→ **TASK TO CARRY OUT**: From the line containing "Funeral Wreath with" to the line containing "Banner design with" in the entries below, reproduce every line exactly, ends included. Nothing else belongs in the copy, and no pictures.

** AVAILABLE RECORDS follows **

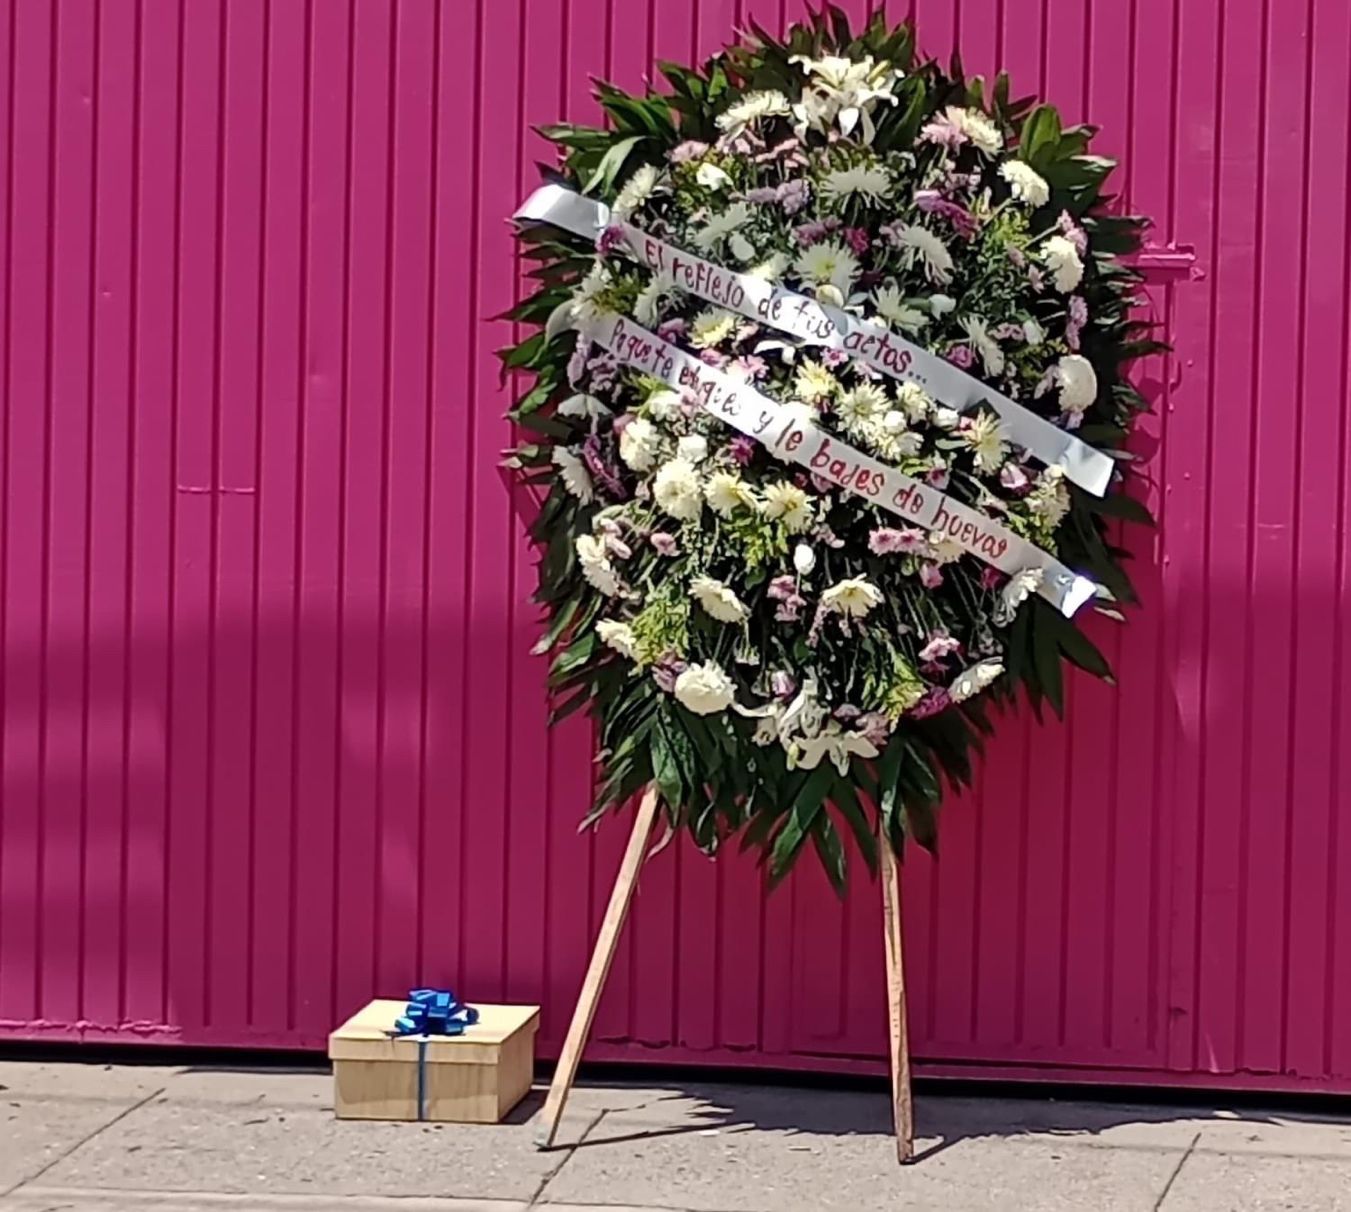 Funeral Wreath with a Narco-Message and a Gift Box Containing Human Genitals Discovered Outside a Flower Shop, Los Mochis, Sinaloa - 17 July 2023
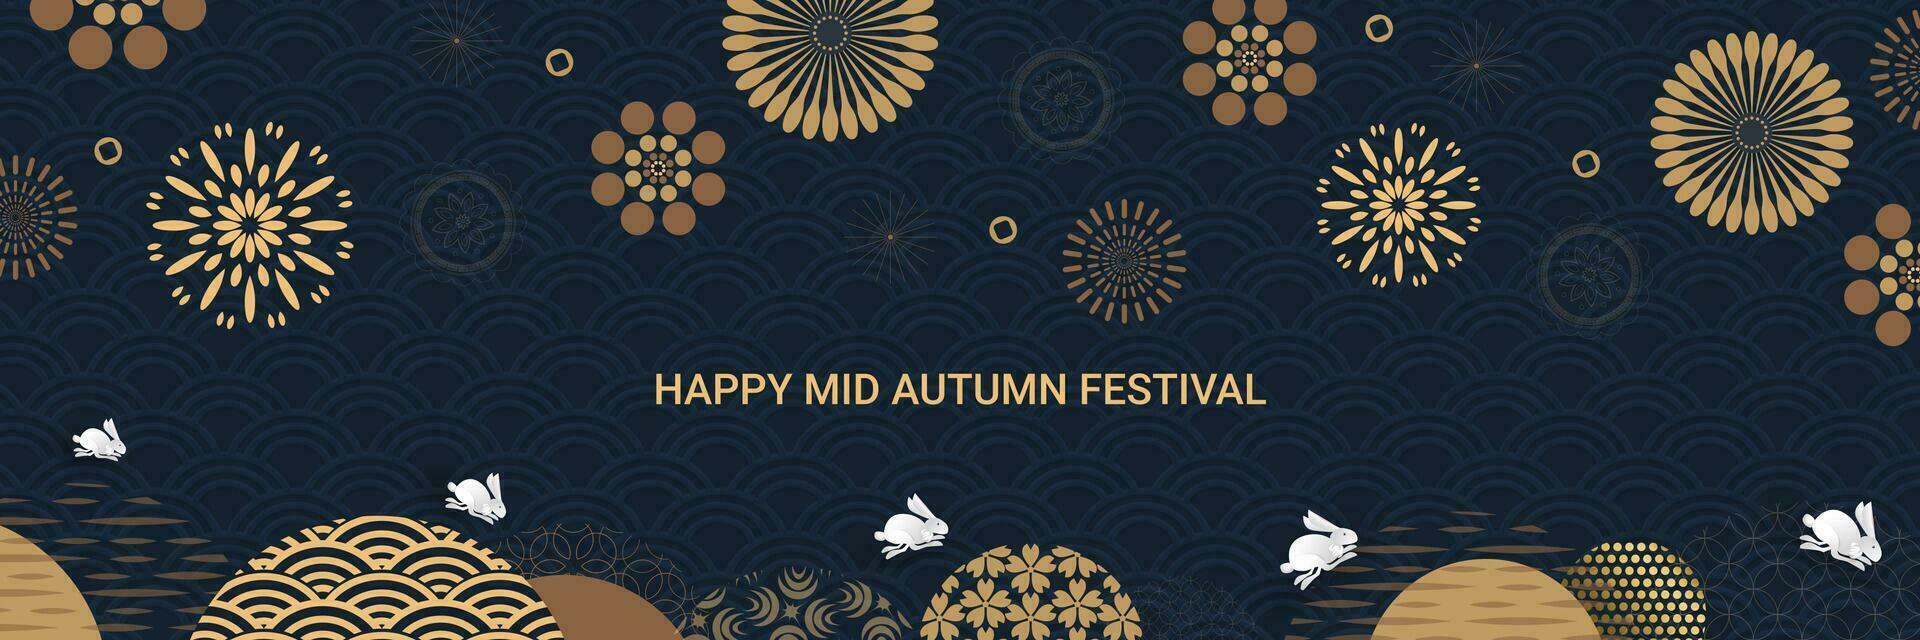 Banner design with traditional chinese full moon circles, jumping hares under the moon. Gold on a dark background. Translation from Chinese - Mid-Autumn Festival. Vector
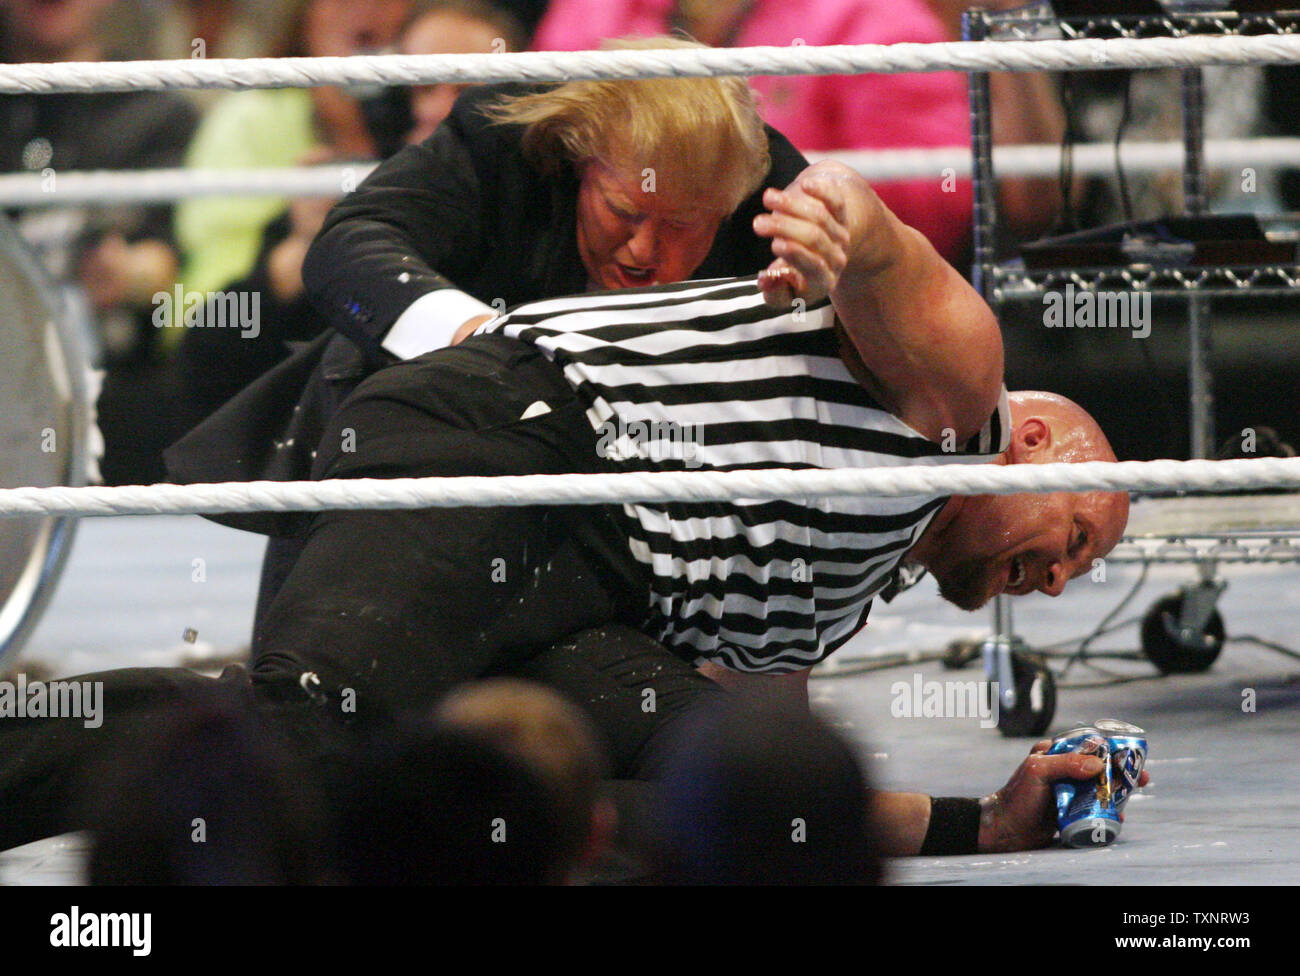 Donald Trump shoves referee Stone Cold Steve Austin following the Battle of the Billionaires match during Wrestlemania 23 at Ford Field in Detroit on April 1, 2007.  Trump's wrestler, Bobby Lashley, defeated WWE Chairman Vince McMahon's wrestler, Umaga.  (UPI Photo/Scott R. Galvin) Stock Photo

** End of AVAILABLE RECORDS **
** AVAILABLE RECORDS follows **

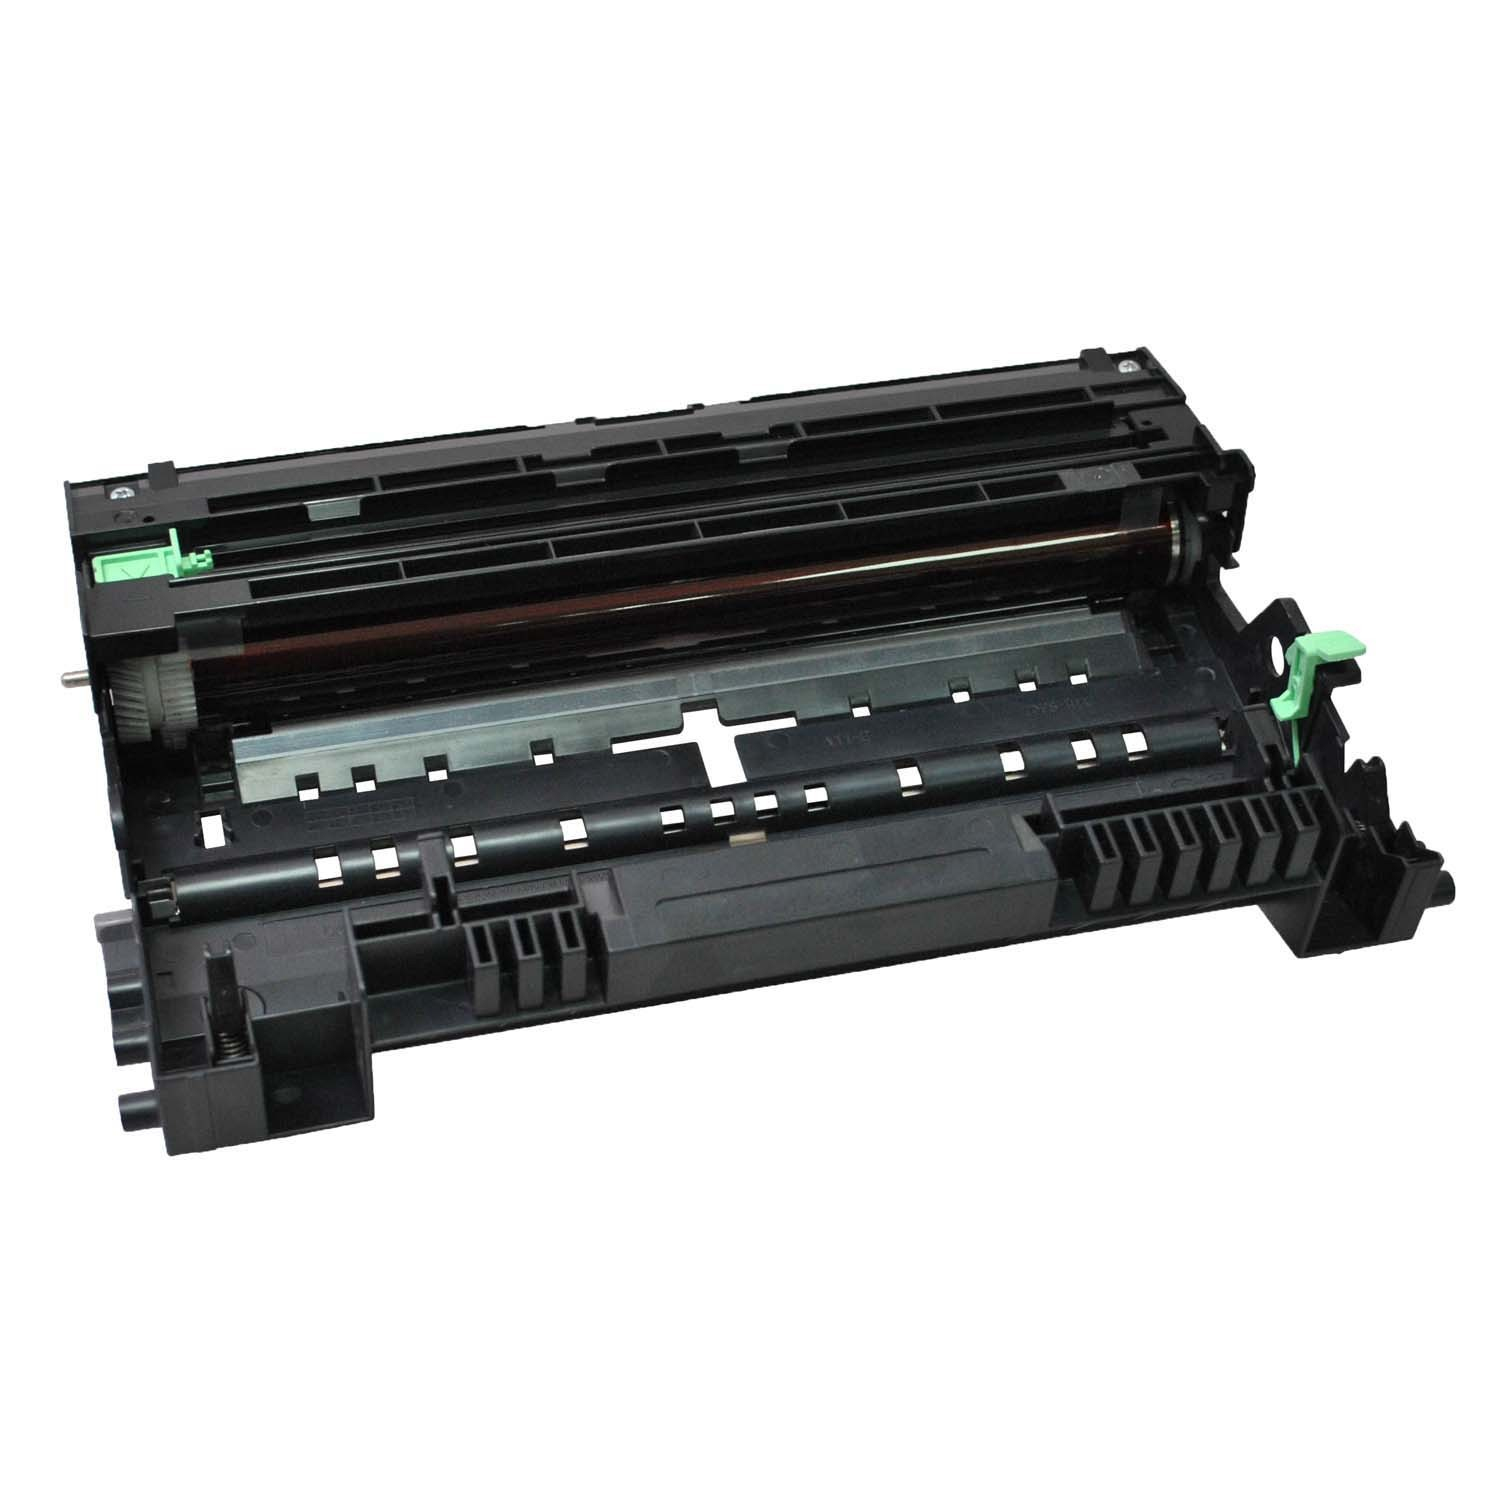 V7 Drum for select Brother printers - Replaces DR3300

** End of AVAILABLE RECORDS **

→ **THE COMPLETED TASK**:
 Funeral Wreath with a Narco-Message and a Gift Box Containing Human Genitals Discovered Outside a Flower Shop, Los Mochis, Sinaloa - 17 July 2023
 Banner design with traditional chinese full moon circles, jumping hares under the moon. Gold on a dark background. Translation from Chinese - Mid-Autumn Festival. Vector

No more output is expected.